I think you’ll start seeing those types of geo-tracking tags on a lot more items, which then means companies have a lot more visibility somewhere in their company where they’re doing business. If suddenly your widgets become smart widgets because of these tracking tags and they all start showing up and pinging that they’re in Tehran or Pyongyang, are you going to have that data feeding to a compliance function?
Another example is something that telecom companies do. When you turn on a cell phone, it pings a software server to look for the latest update, right? The company knows where your phone is in the world, right? It registers the location.

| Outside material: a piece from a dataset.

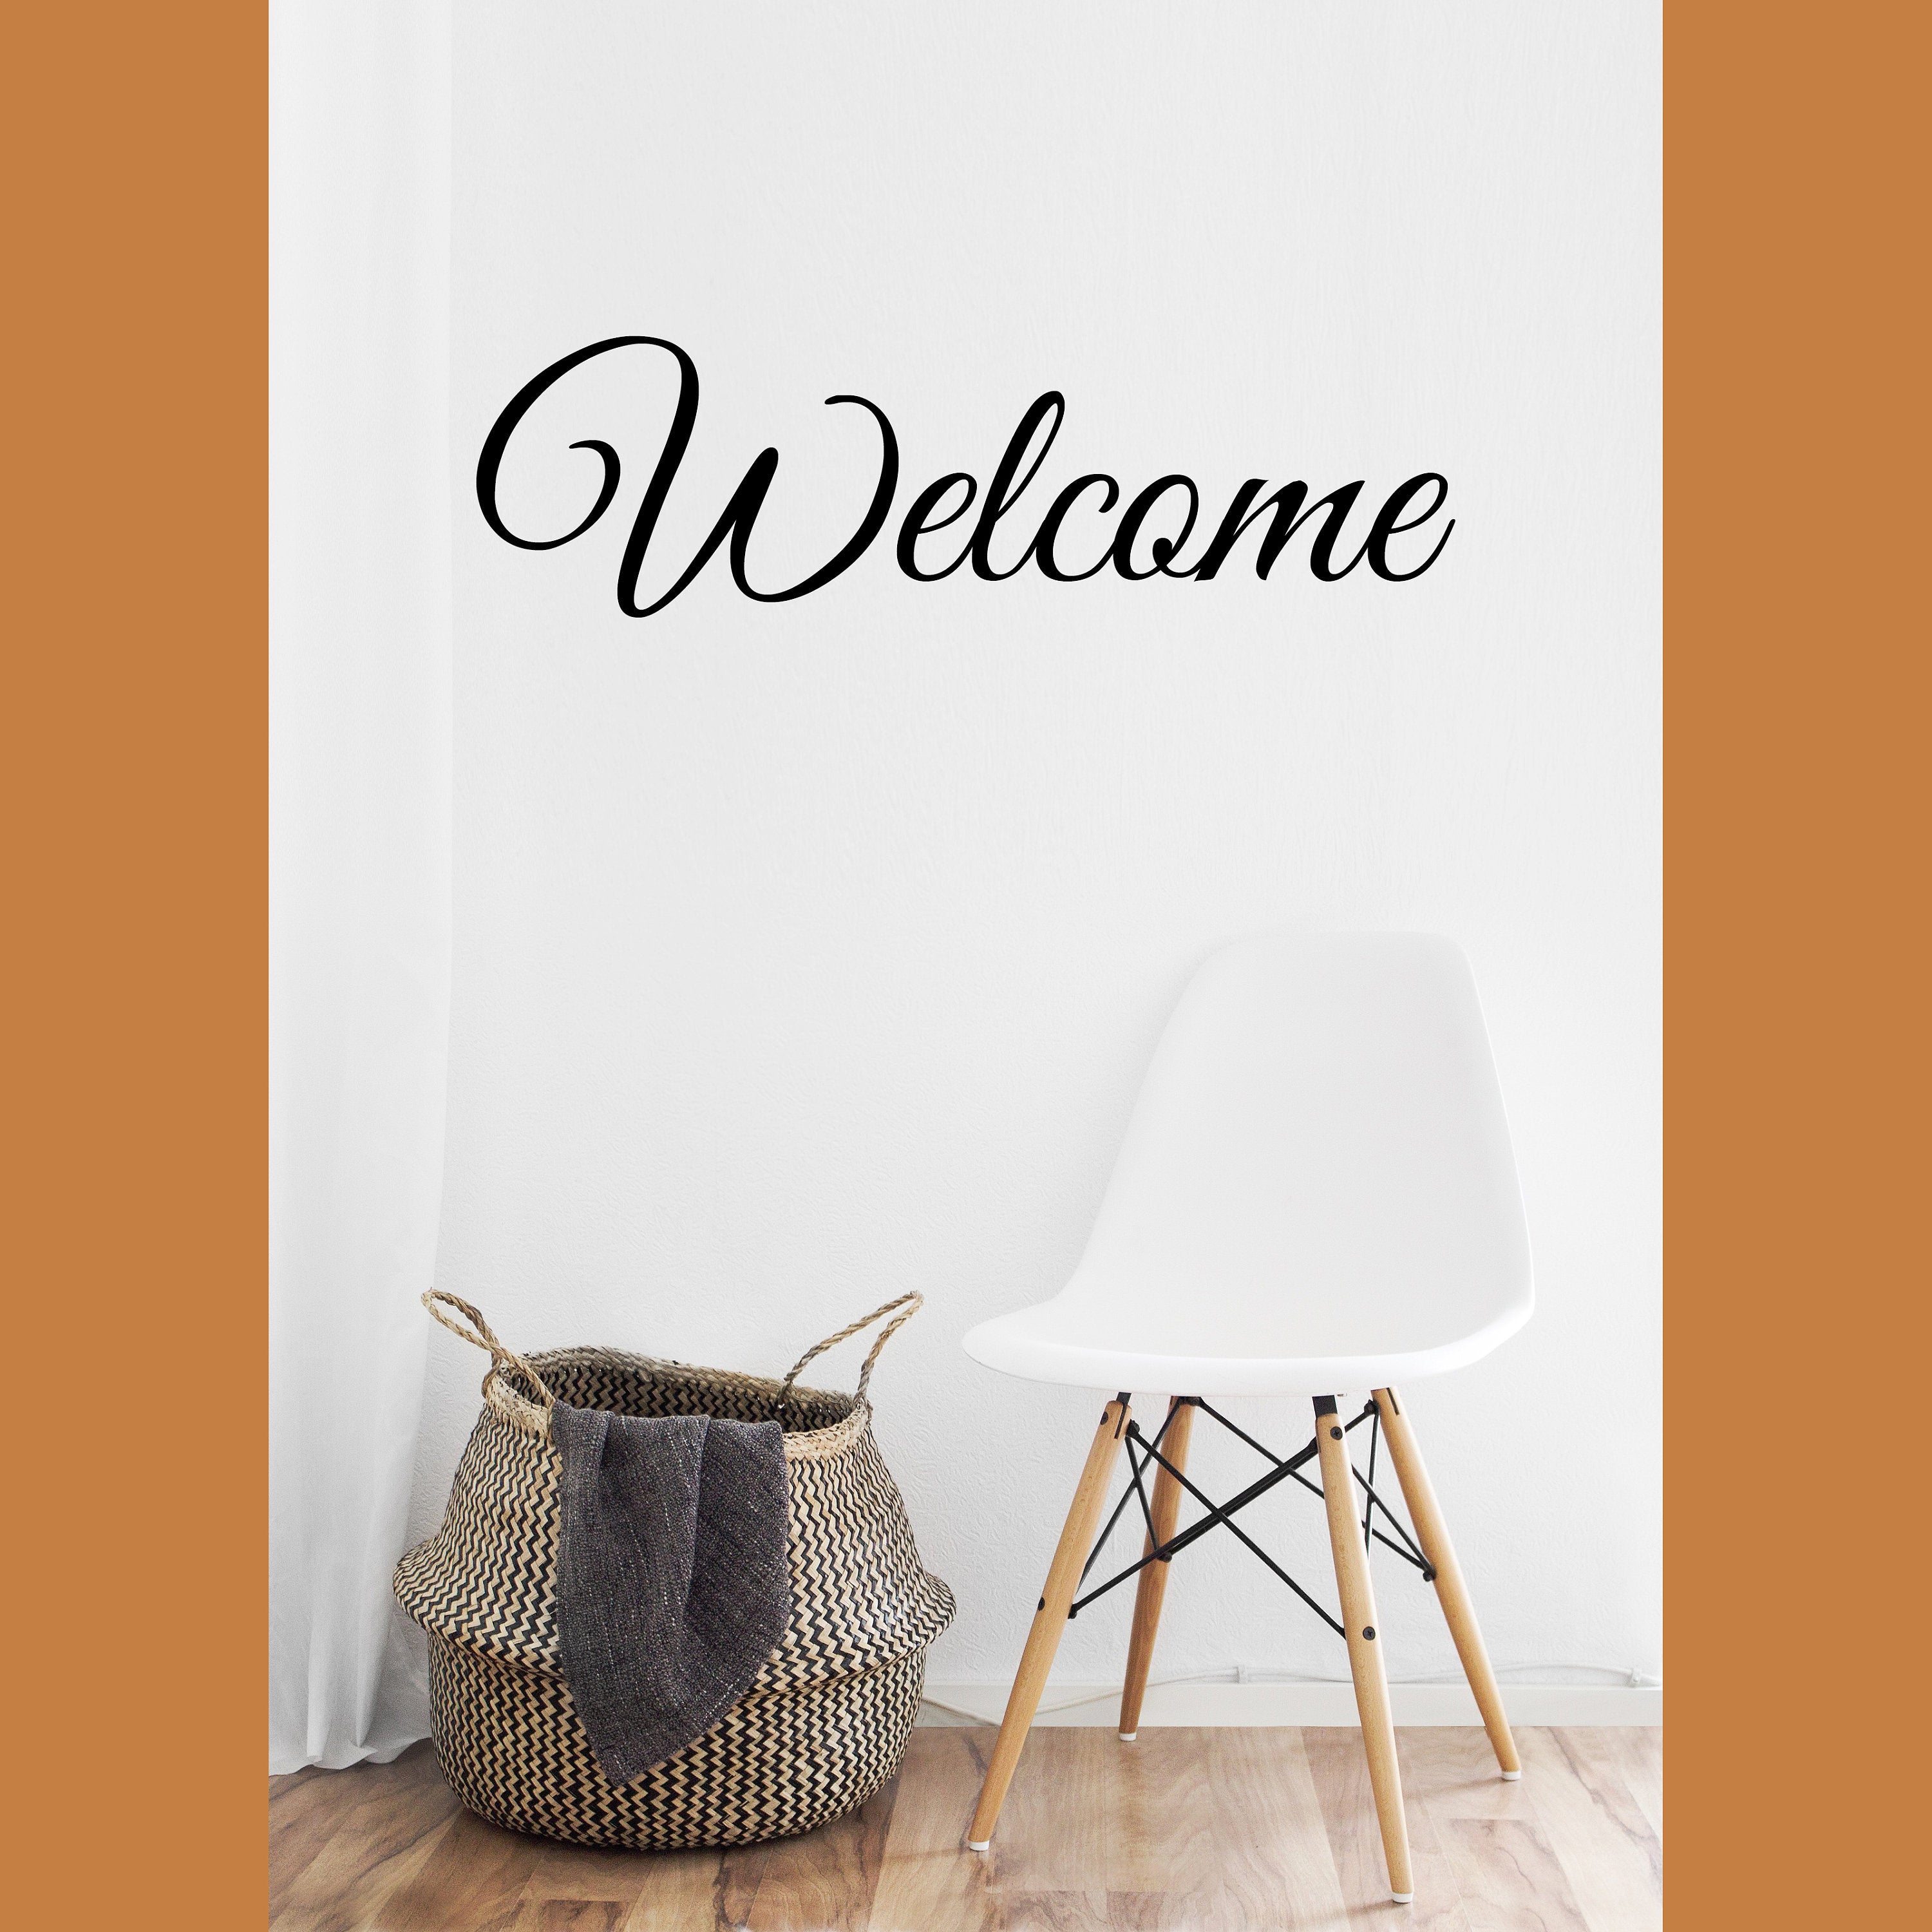 Welcome - Vinyl Wall Decal - Home Decor for Walls, Doors, Entryway, Great as Housewarming Gift or Present,

So, you can imagine a scenario where a bunch of phones come on and register that they’re in a sanctioned country. When that happens, if your compliance function is tied into that system, they can immediately be notified. They can see that the group of phones came from the same lot and were all sold to the same distributor who then sold the phones to a sub-distributor. Because you have this technology connection with compliance, you can figure out how they got to the sanctioned country, then notify the US government from a disclosure perspective and remediate by firing the sub-distributor. I have seen this happen and when done right, that all occurred in less than 72 hours from the moment the phones switched on in a sanctioned country.
Bottom line is that if you have the data somewhere in your company, you better be thinking about how to use it from a compliance perspective because the government looks at the knowledge of the company and its employees very broadly and if you have an issue go undetected by compliance but operations “knew” about it for months or years – that is not a good look in front of the regulators.